Bullseye's most consequential stories focus on his rivalry with Daredevil, including Frank Miller's Daredevil #181 (1982), in which he kills Daredevil's love interest Elektra, and Kevin Smith's Daredevil vol. 2 #5 (1999), in which he kills Karen Page. He also plays a prominent role in the company-wide storylines Civil War (2006–2007), when he serves on the Thunderbolts, and Dark Reign (2008–2009), when he joins Norman Osborn's Dark Avengers under the alias of Hawkeye. Bullseye's obsession against Daredevil has driven the majority of his appearances, although he has also clashed with the Punisher, Black Widow, and Hawkeye.

The character has been adapted in various media incarnations, having been portrayed in live-action by Colin Farrell in the film Daredevil (2003), and by Wilson Bethel in the third season of the Marvel Cinematic Universe television series Daredevil (2018) and its revival Daredevil: Born Again (2025–present).

==Publication history==
Bullseye was created by writer Marv Wolfman during his run as writer-editor on Daredevil (#124–139, 141–143).

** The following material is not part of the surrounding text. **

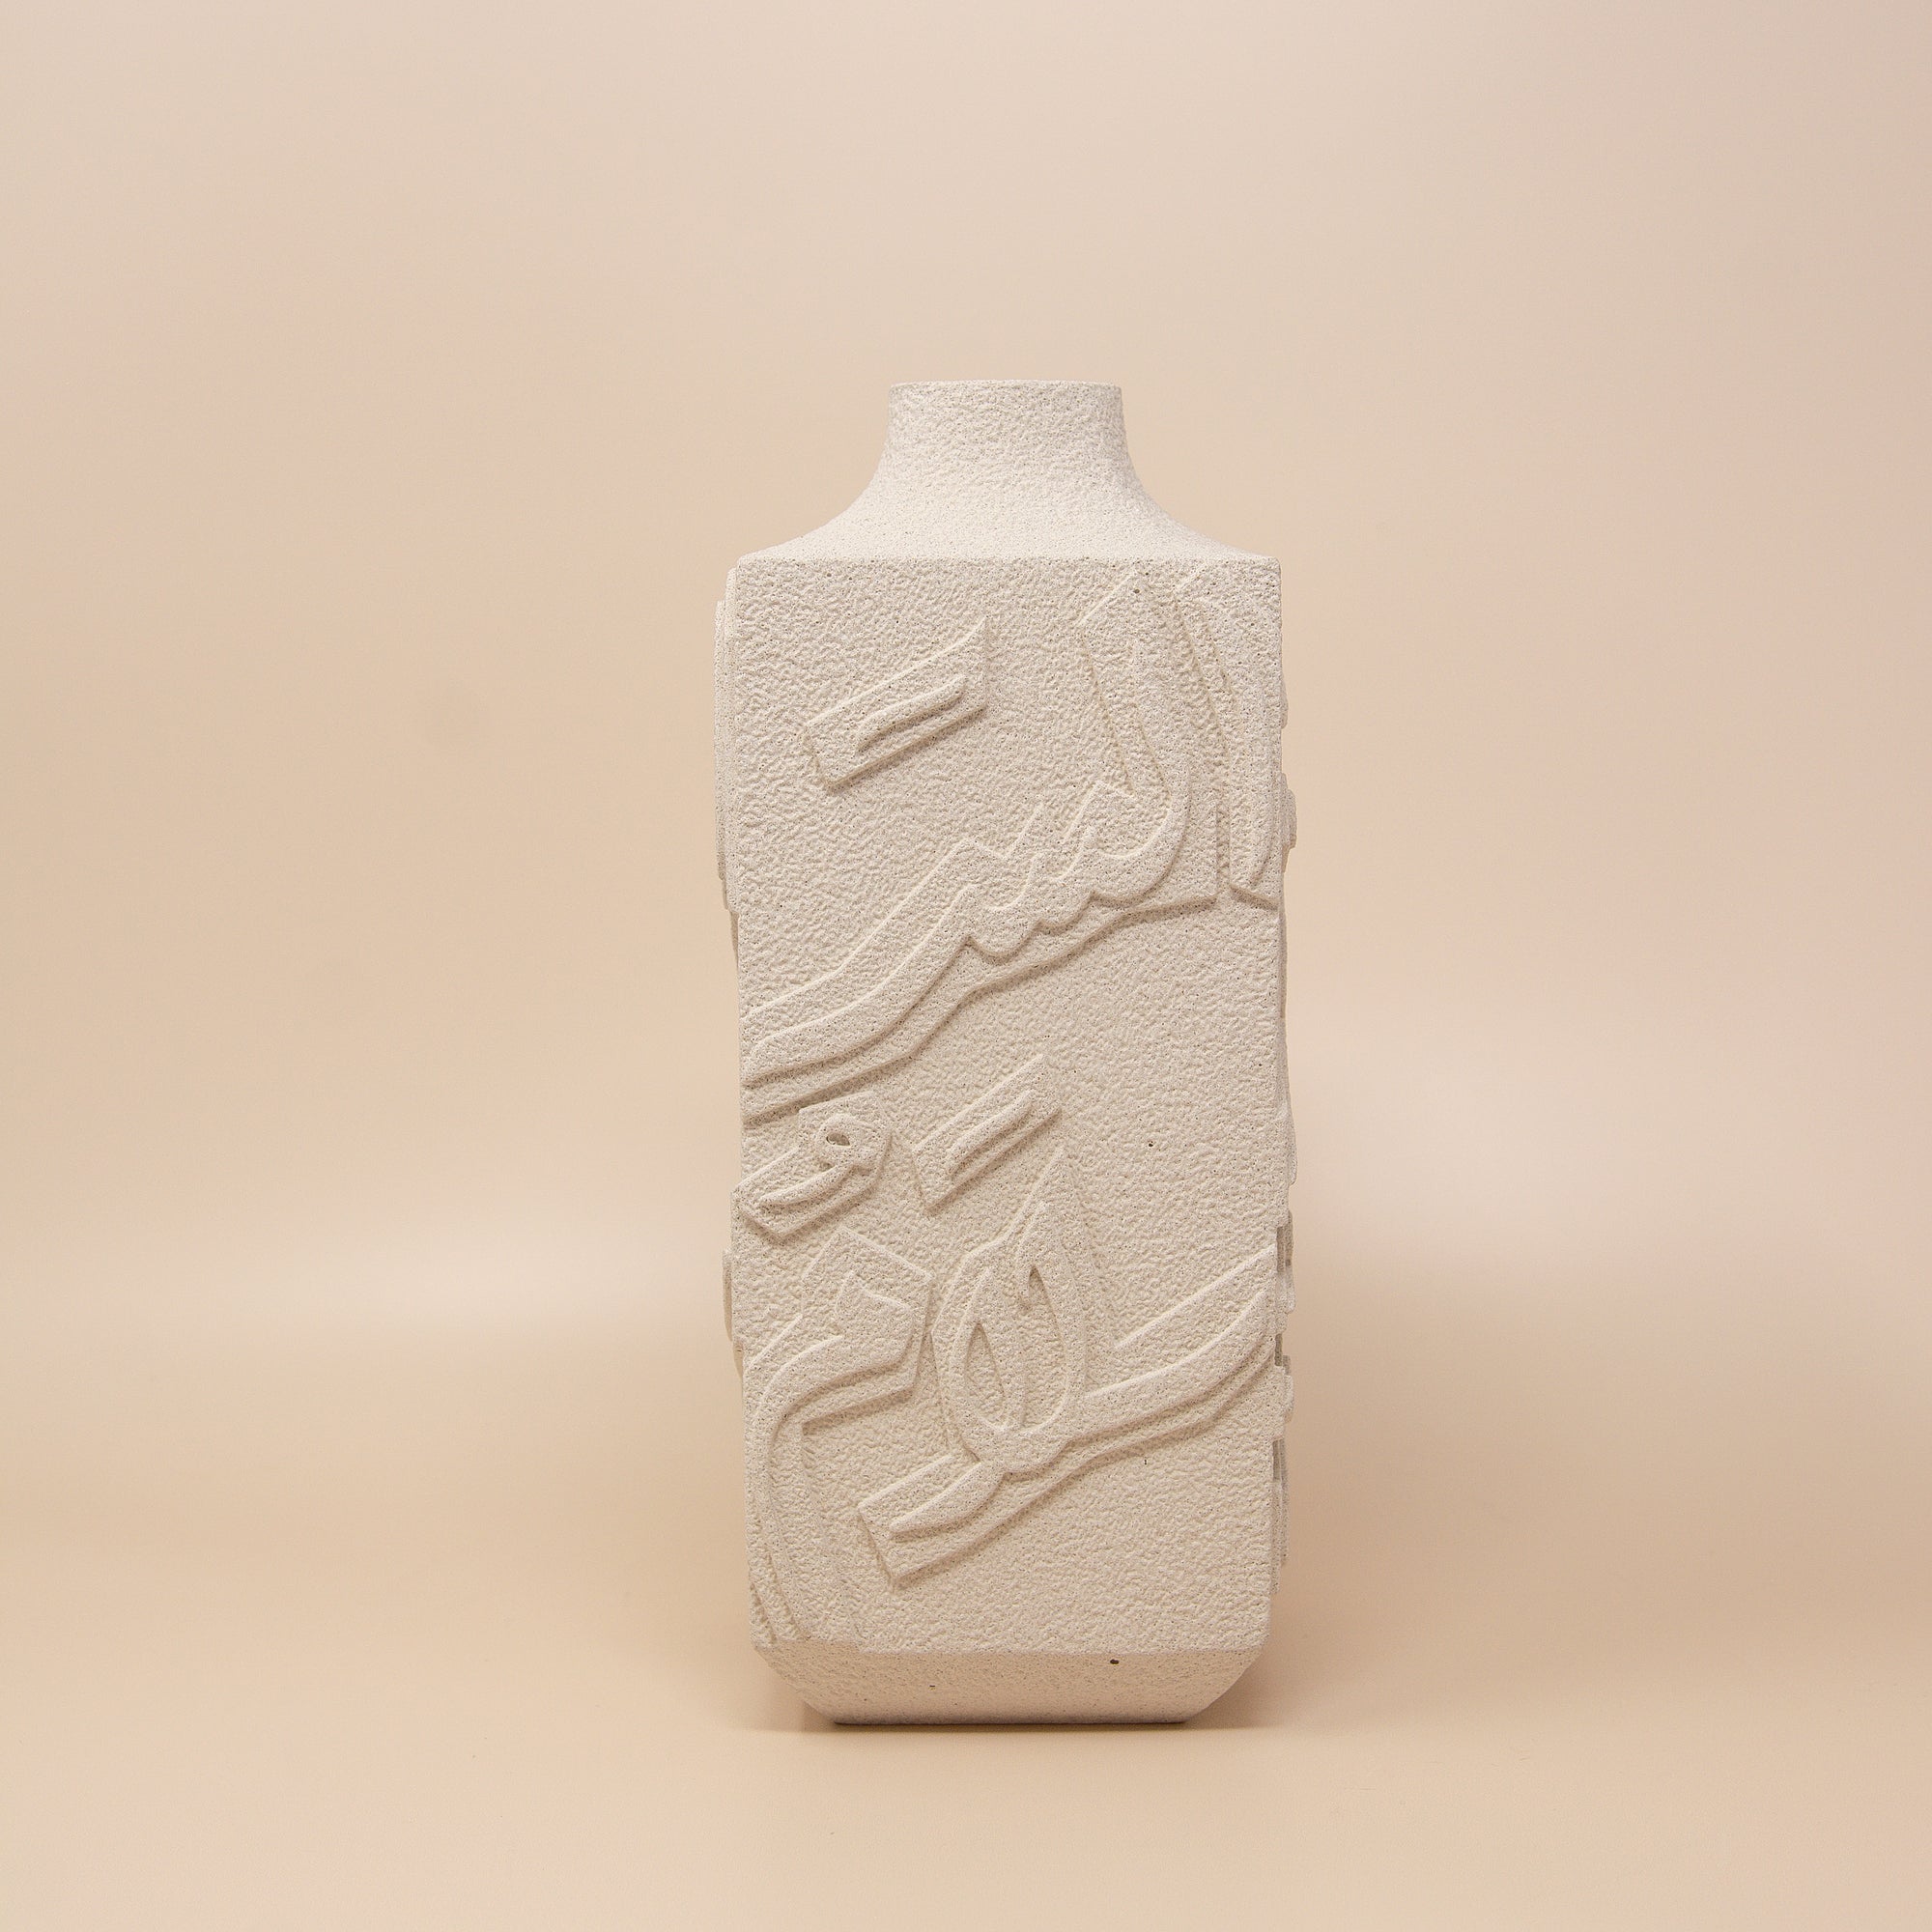 Artisan Handcrafted Calligraphy Vase

Wolfman imagined the character as a counter to Daredevil's radar sense, reasoning that while Daredevil excelled at close-quarters combat by anticipating his opponents' movements, a villain capable of striking from a distance with unconventional projectiles would pose a unique threat. Bullseye's core concept of weaponizing any object has defined the character in every subsequent iteration. Wolfman brought the concept to artist John Romita Sr., then Marvel's art director, who designed the costume. The character first appeared in Daredevil #131 (1976), with art by Bob Brown and Klaus Janson. Wolfman has stated: "Bob Brown is the artist that drew the book but he didn't co-create [Bullseye]. I had come up with the character, designed a rough version of the costume and then sat down with John Romita Sr. to do the final version." Wolfman later acknowledged that he was never fully satisfied with his handling of the character, remarking in an interview with fansite ManWithoutFear.com, "I never found the thing that made him mine the way Frank Miller did a year or two later."

After Wolfman's departure, fill-in writers used Bullseye occasionally in a lighthearted manner. Writer Roger McKenzie, who took over Daredevil in the late 1970s, made the character more dangerous in a 1979 three-part storyline in which Bullseye kidnapped the Black Widow to draw Daredevil into a confrontation, and began showing signs of psychological deterioration. The cover of Daredevil #160, drawn by Frank Miller and inker Klaus Janson, depicted Bullseye strangling the Black Widow with a blow-dryer cord, which signaled a decisive shift in how the character would be portrayed. Shortly afterward, editor Denny O'Neil removed McKenzie from the title and gave Miller full writing control beginning with issue #168.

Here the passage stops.